I'm not familiar with ksnip, I'll have to take a look at that one.
The problem is you need Edge to download Firefox or Chrome.
I still think it's funny how my PC is literally to their exact specifications and it still says I can't update
Windows is so lost right now
A common cause for that is the TPM 2.0 has not been activated. Its there, but in most older machines its deactivated by default. So you have to turn it on before you can upgrade.
I learned that the frustrating way. There are ways to check whether TPM is activated, but actually activating it means going into the Bios.
Might be worth googling how to check if TPM 2.0 is active, just running a google search will get you easy to follow explanations if you are not sure how to do it yourself. I would put up a link, but YT really hates links, because, reasons, but fortunately google is definitely your friend in this if you need to check it and are not sure how.

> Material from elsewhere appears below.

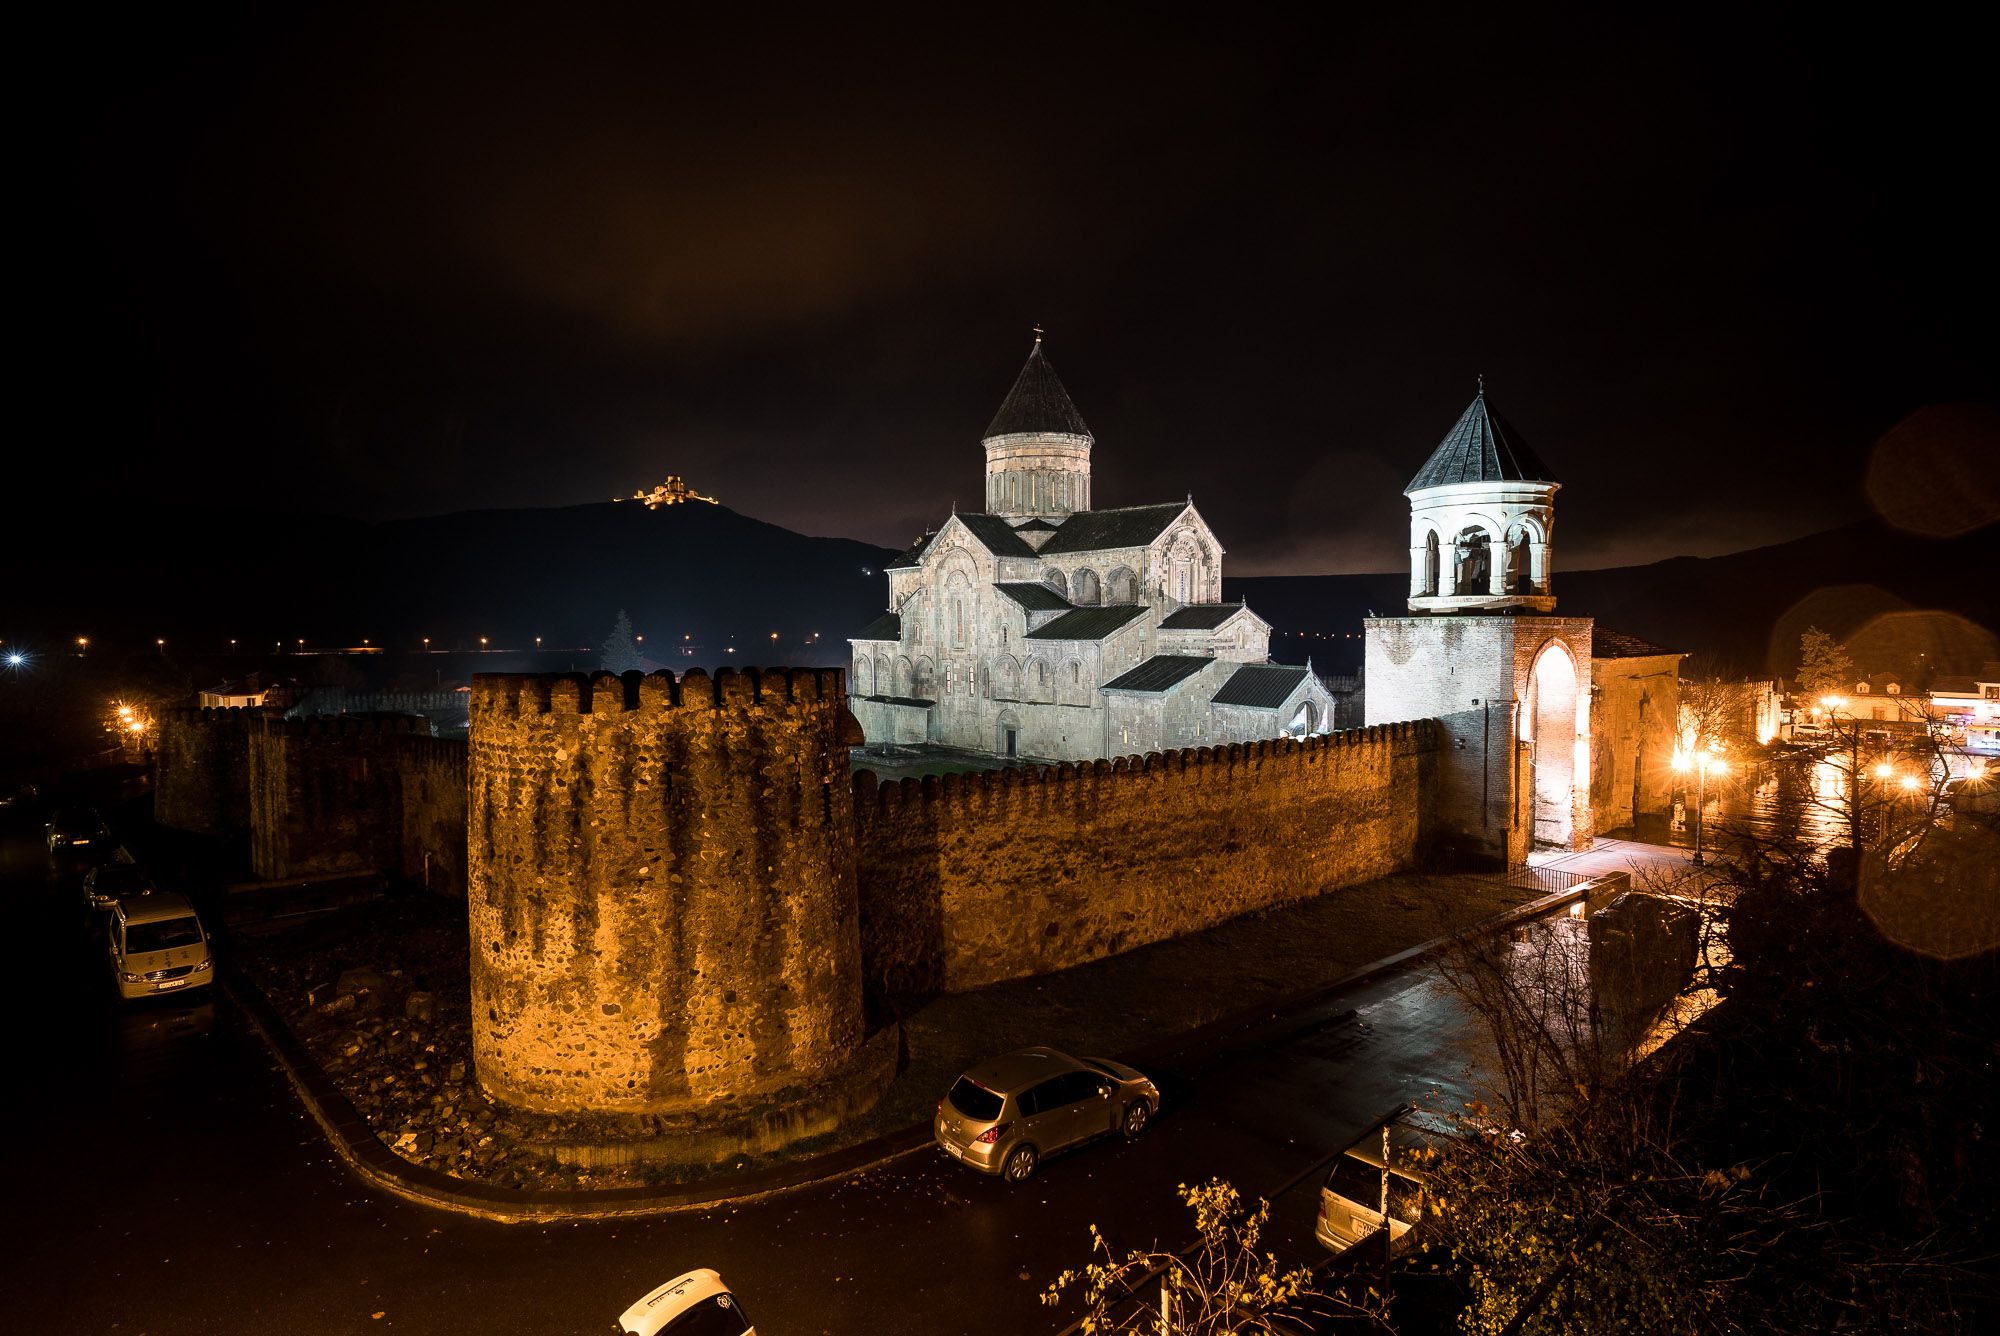 Mtskheta Cathedral at night

Just deactivate TPM check when crating your bootable USB, I am running Windows 11 from a 4th gen Intel from 10 years ago.
@alganhar1
My PC is ~5 years old, so I'm not sure about that "off by default" thing, but I can always check
Either way, I'm not upgrading until October (when support stops) because I have my desktop organized how I like it, and I don't want to have to change it just because Win11 looks different
It’s good if it can’t update. Means they can’t put more bloatware and spyware on your PC. Me, I made my PC unable to update on purpose.
The OS is supposed to be a mostly invisible layer between your apps and your hardware. Microsoft seems to think the OS is the goal, when it is just (one of many) means to the goal.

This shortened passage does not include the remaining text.